歩行時の右下肢のしびれ 50代男性

症状:

中央区にある証券会社勤務の50代男性が腰痛と右足の痛みやしびれで来院。二か月前から長時間の歩行で右腰から下腿後面にかけて違和感がでてきた。最初は筋肉痛かと思っていたが、徐々に痛みやしびれに変わっていった。他の整形外科クリニックでは腰部脊柱管狭窄症と診断され、痛み止めとビタミン剤を処方された。腰痛と右足の痛みやしびれは歩行で出現し、座位、腰をかがめる姿勢で消失する。また、症状が出るまでの時間も最初は20分程度の歩行だったのが、最近は10分程度で出現するようになったため心配になり当院を受診した。

検査:

姿勢は猫背である。腰を伸展させたところ、右足の痛みとしびれは強くなった。また、腰の筋肉が固く緊張していて、腸腰筋やハムストリングスは短縮していた。触診による脊柱可動域検査では胸椎、腰椎の可動性低下がみられた。そして、下肢神経学的検査ではアキレス腱反射や皮膚知覚検査において、S1領域に神経学的異常所見がみられた。

治療:

今回の症状は、他の整形外科クリニックで診断されているように間欠性跛行、腰椎伸展時の右下肢しびれの誘発、右足の神経学的異常所見から典型的な腰部脊柱管狭窄症である。
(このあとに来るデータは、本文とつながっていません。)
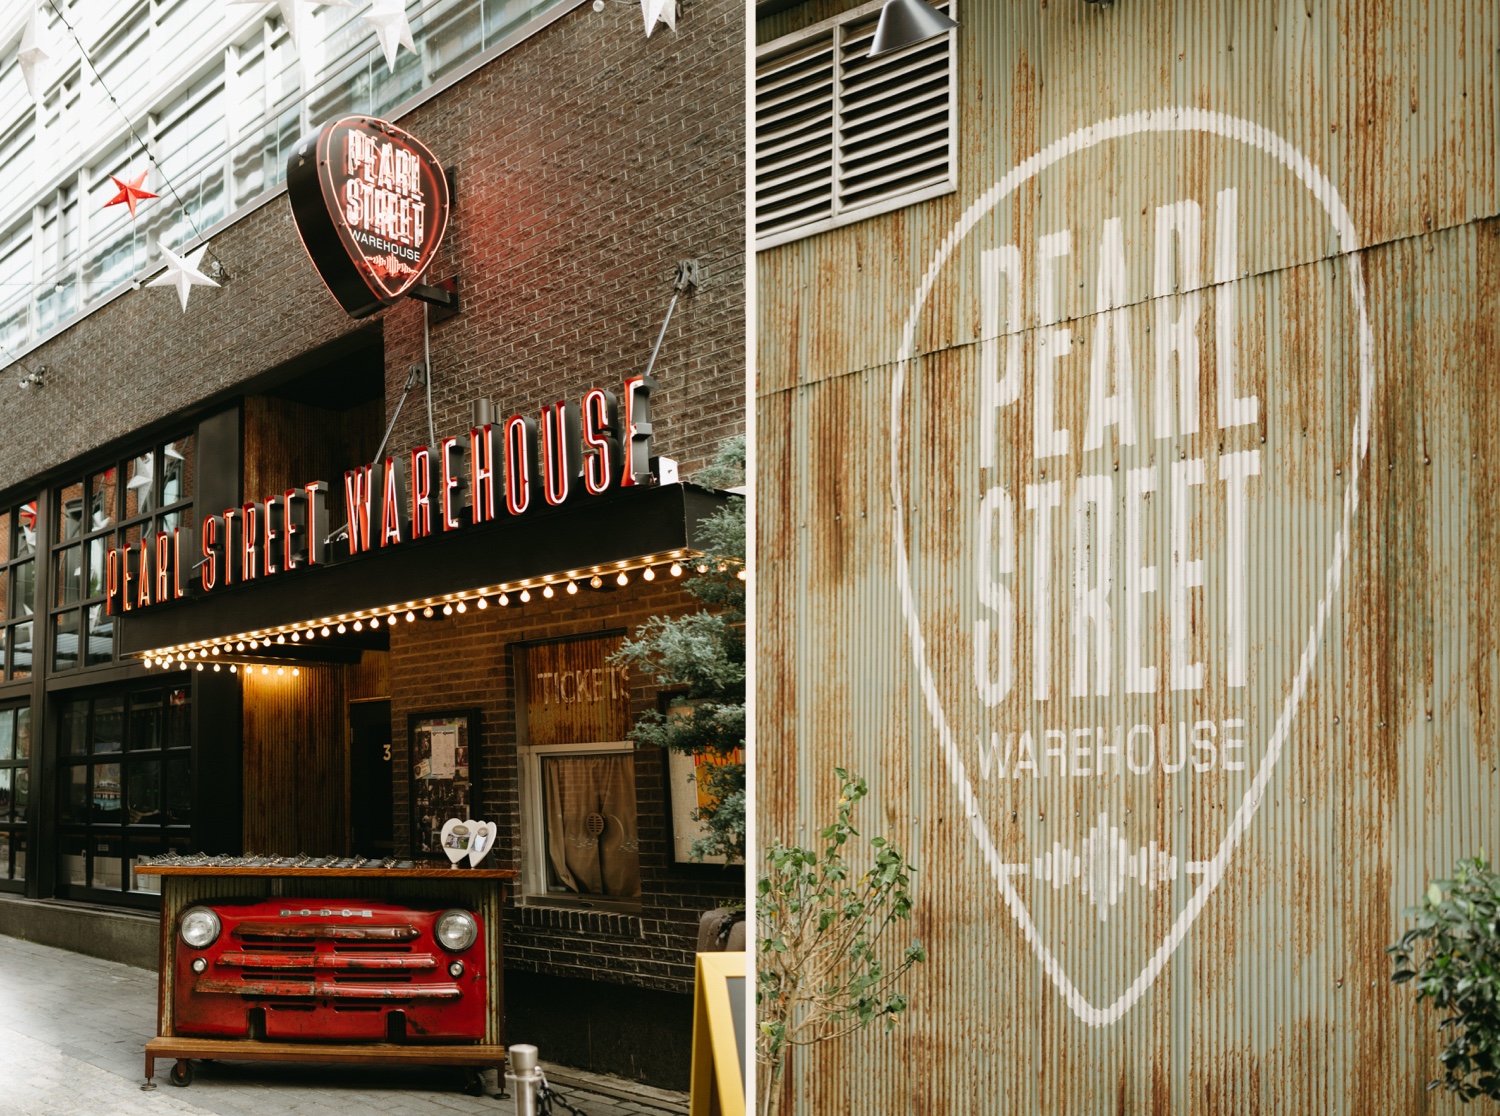 rock bar vow renewal pearl street warehouse

治療は神経の圧迫を和らげるために腰の筋肉をゆるめる施術と、胸椎、腰椎の矯正を行った。また、セルフエクササイズとして腰丸め体操を指導した。4回目の治療の頃には、歩行の際の足の痛みやしびれがだいぶ軽くなり、9回目を迎えるころには、足の症状なしに40分程度の歩行が可能になった。

コメント:

腰部脊柱管狭窄症は多くの場合、腰椎伸展位で症状が出現します。腰椎伸展位は脊柱管を狭くするので神経の圧迫が強くなります。少しでも神経への圧迫を軽減させるために、腰部の筋肉の柔軟性と脊柱管を広げることが大事になってきます。また、当院では院長が推奨している腰部脊柱管狭窄症に対する腰丸め体操を積極的にご紹介しています。